President’s Working Group
The U.S. Securities and Exchange Commission in January announced rules to impose liquidity restrictions, raise credit standards and give the boards of money-market funds that buy commercial paper more flexibility in the event of a run by investors. Money market funds are, taken together, the largest single buyer of commercial paper in the U.S.
The government is studying additional regulations that include forcing the funds to give up the stable $1 share price that attracted investors to the funds, according to a report published in October by the President’s Working Group on Financial Markets.
The U.S. Treasury Department commissioned the study in June 2009 after the failure of the $62.5 billion Reserve Primary Fund caused a run on the industry. The Fed, which set up a Commercial Paper Funding Facility to restore the flow of credit, yesterday released names of firms that participated, as part of its disclosure requirements established in July’s Dodd-Frank financial-oversight law.
This month, at least 10 companies issued U.S. corporate bonds to repay short-term IOUs, selling $3.36 billion of debt, compared with two issuers selling $5.3 billion in October, Bloomberg data show. Yields on company debt maturing in about 9.3 years rose to 4.92 percent yesterday after declining to 4.44 percent on Nov. 4, the lowest ever, according to Bank of America Merrill Lynch index data.

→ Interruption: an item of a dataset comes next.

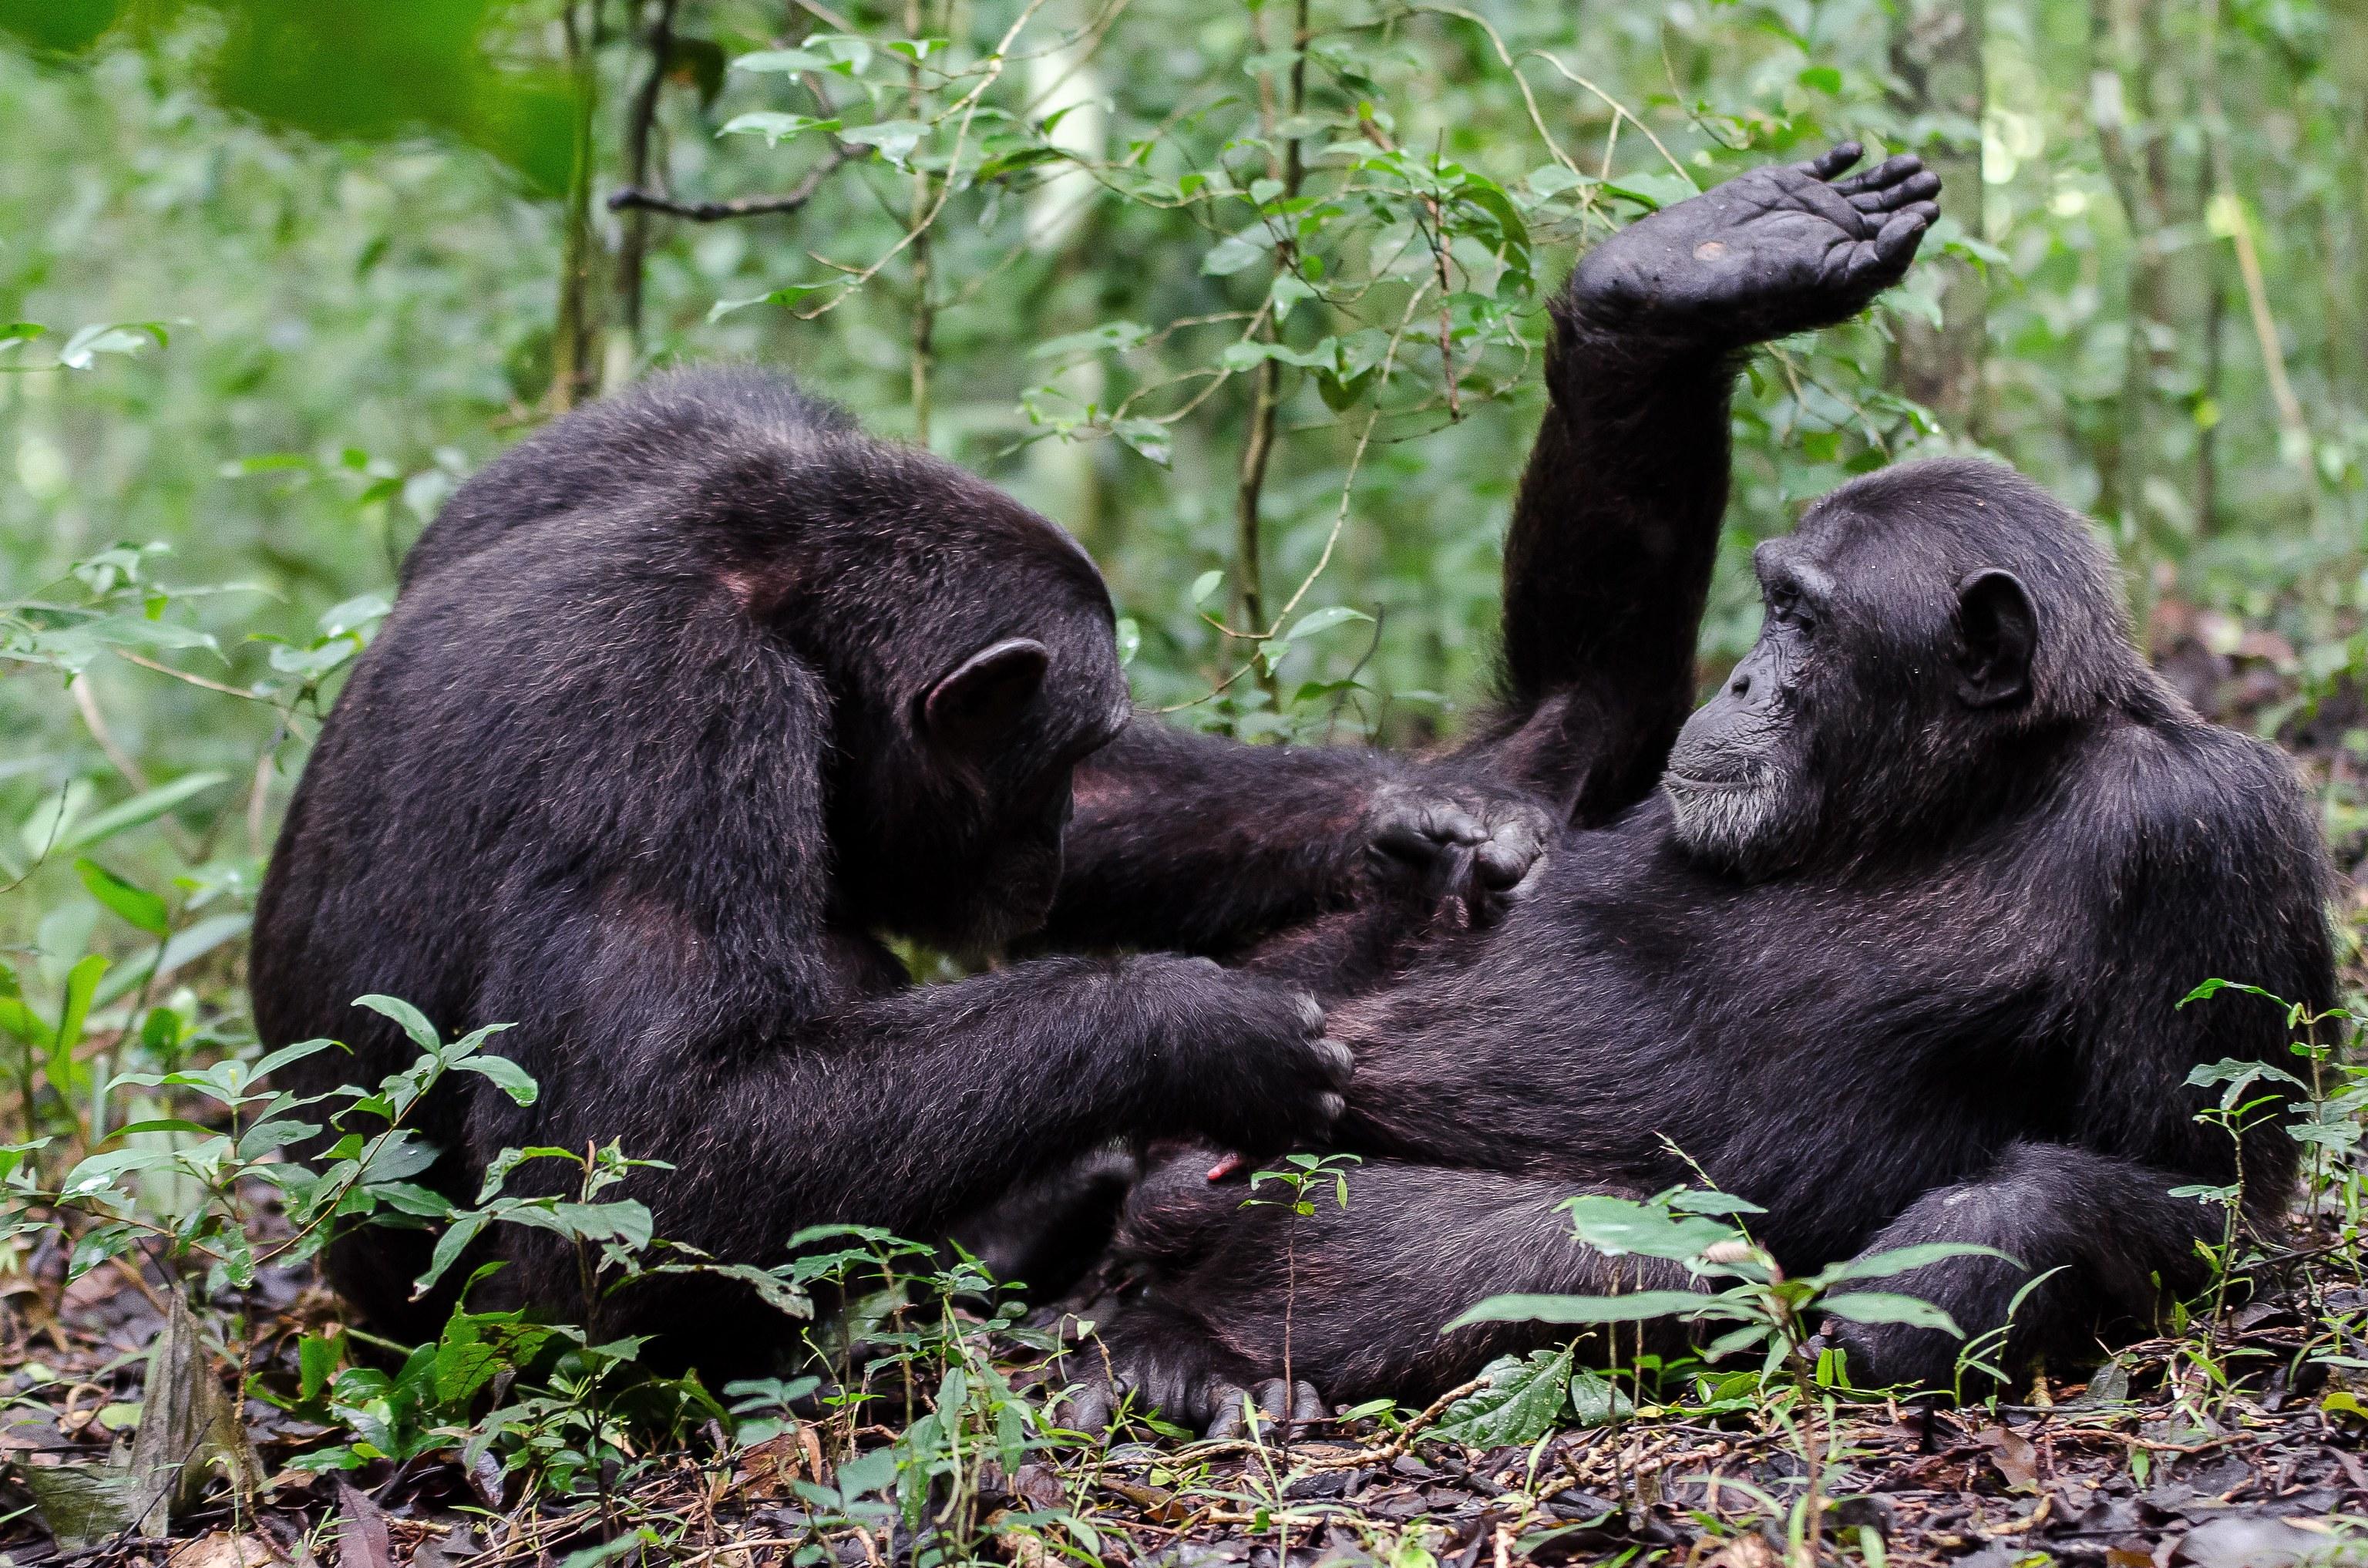 Dos chimpancés acicalándose (grooming)

Banks are also facing the prospect of more regulation for short-term funding after the market seized up following the worst financial crisis since the Great Depression, Crane said.
Financial commercial paper outstanding, without seasonal adjustment, dropped $13.9 billion to $510.5 billion, the lowest since 2003, Bloomberg data show. Asset-backed commercial paper fell $4.9 billion, the sixth straight decline, to $379.2 billion, the lowest on record going back to 2001.